What if I want to connect to OpenAI instead of Azure OpenAI?

To connect to OpenAI instead, use the following code:

OpenAIClient client = new OpenAIClientBuilder()
    .credential(new KeyCredential(<openai-api-key>))
    .buildClient();

For more information, see OpenAI API authentication.

When working with connection secrets in App Service, you should use Key Vault references instead of storing secrets directly in your codebase. This ensures that sensitive information remains secure and is managed centrally.

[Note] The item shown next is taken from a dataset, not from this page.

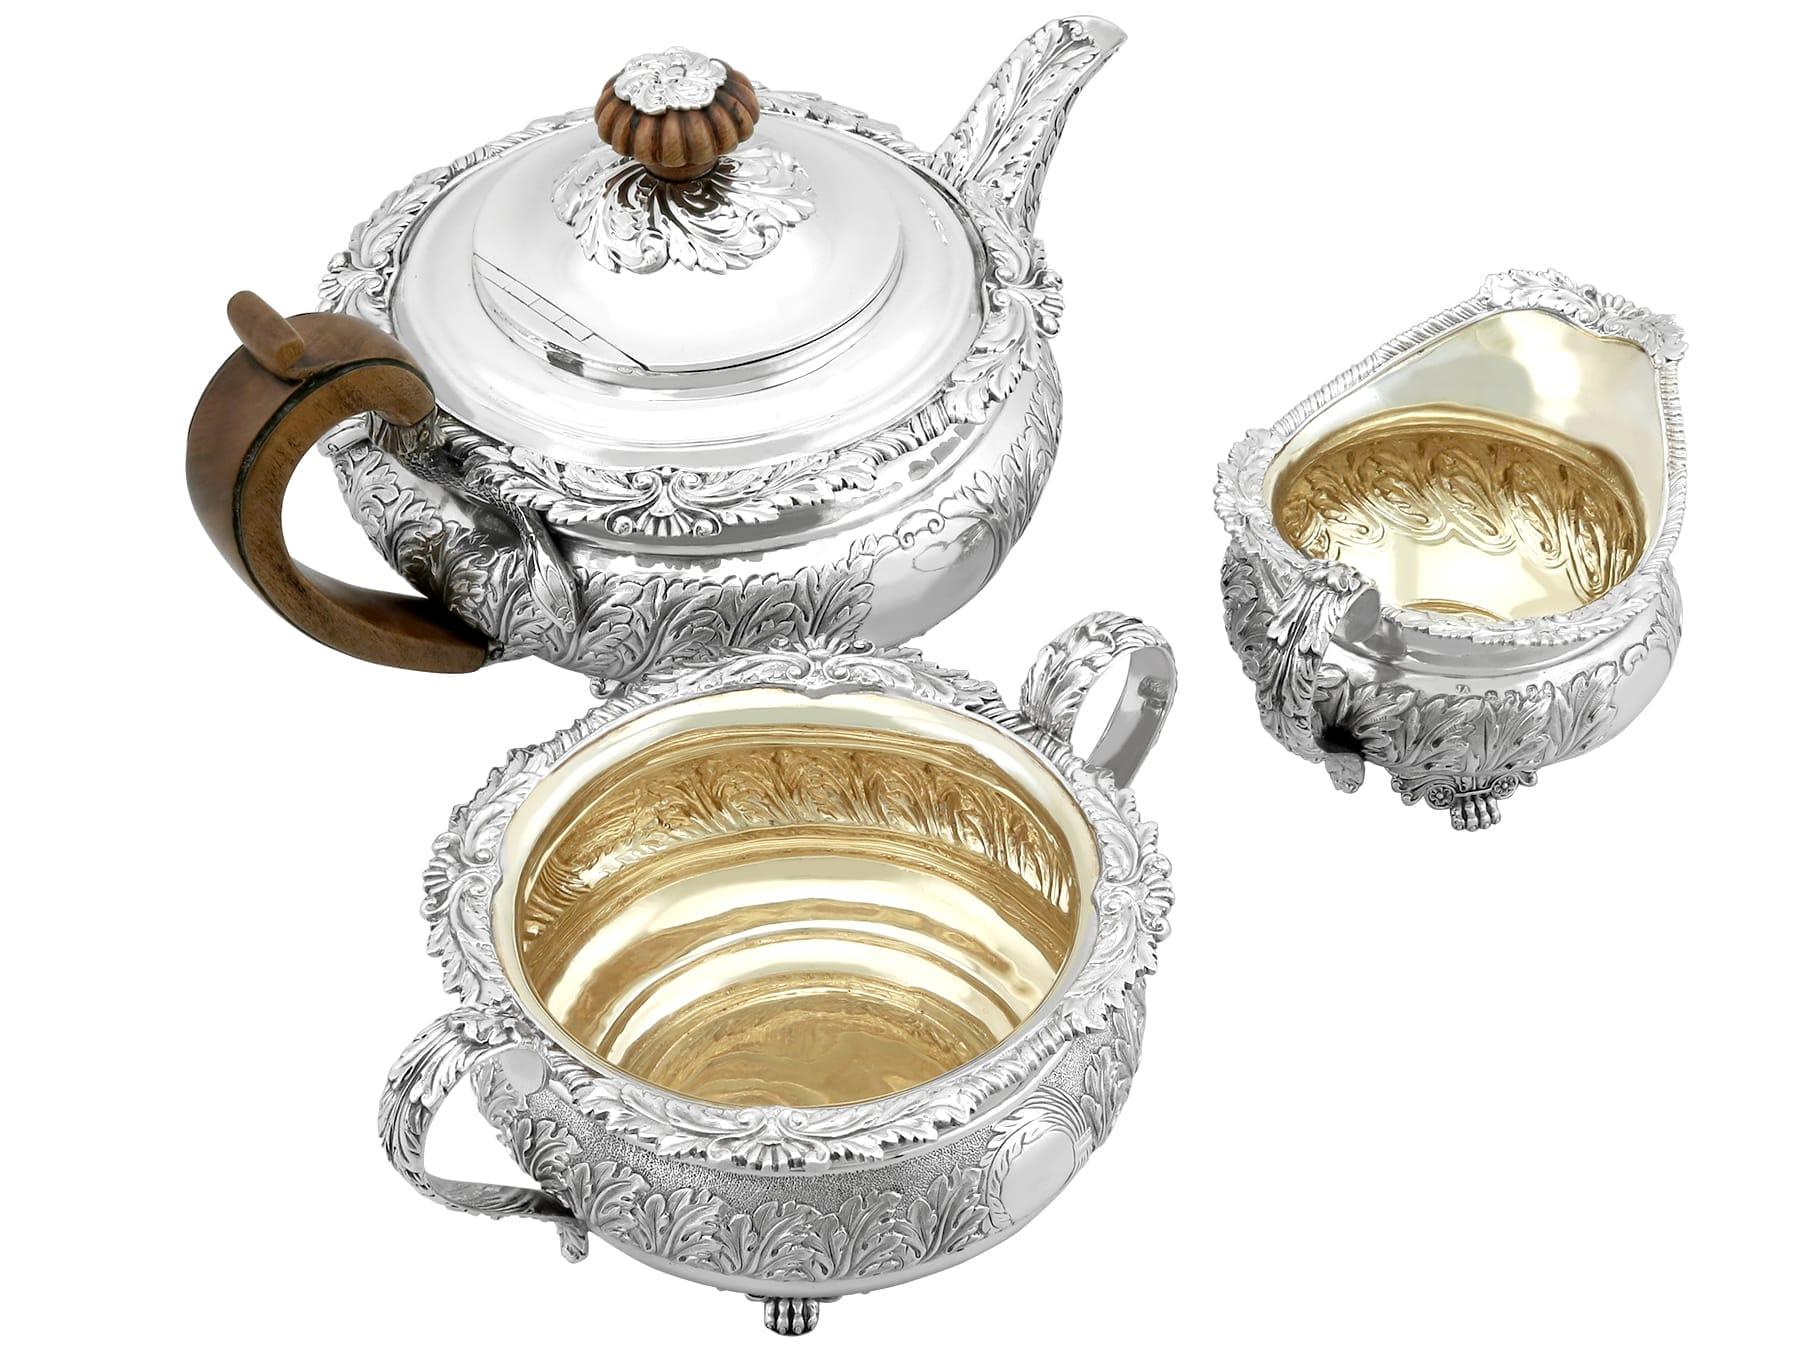 An exceptional, fine and impressive antique Georgian English sterling silver three piece tea service/set made by Joseph Angell I; an addition to our silver teaware collections.

This exceptional antique George III three piece sterling silver tea

Can I connect to Azure OpenAI with an API key instead?

Yes, you can connect to Azure OpenAI using an API key instead of managed identity. This approach is supported by the Azure OpenAI SDKs and Semantic Kernel.

When working with connection secrets in App Service, you should use Key Vault references instead of storing secrets directly in your codebase. This ensures that sensitive information remains secure and is managed centrally.


How does DefaultAzureCredential work in this tutorial?

The DefaultAzureCredential simplifies authentication by automatically selecting the best available authentication method:

  • During local development: After you run az login, it uses your local Azure CLI credentials.
  • When deployed to Azure App Service: It uses the app's managed identity for secure, passwordless authentication.

This approach lets your code run securely and seamlessly in both local and cloud environments without modification.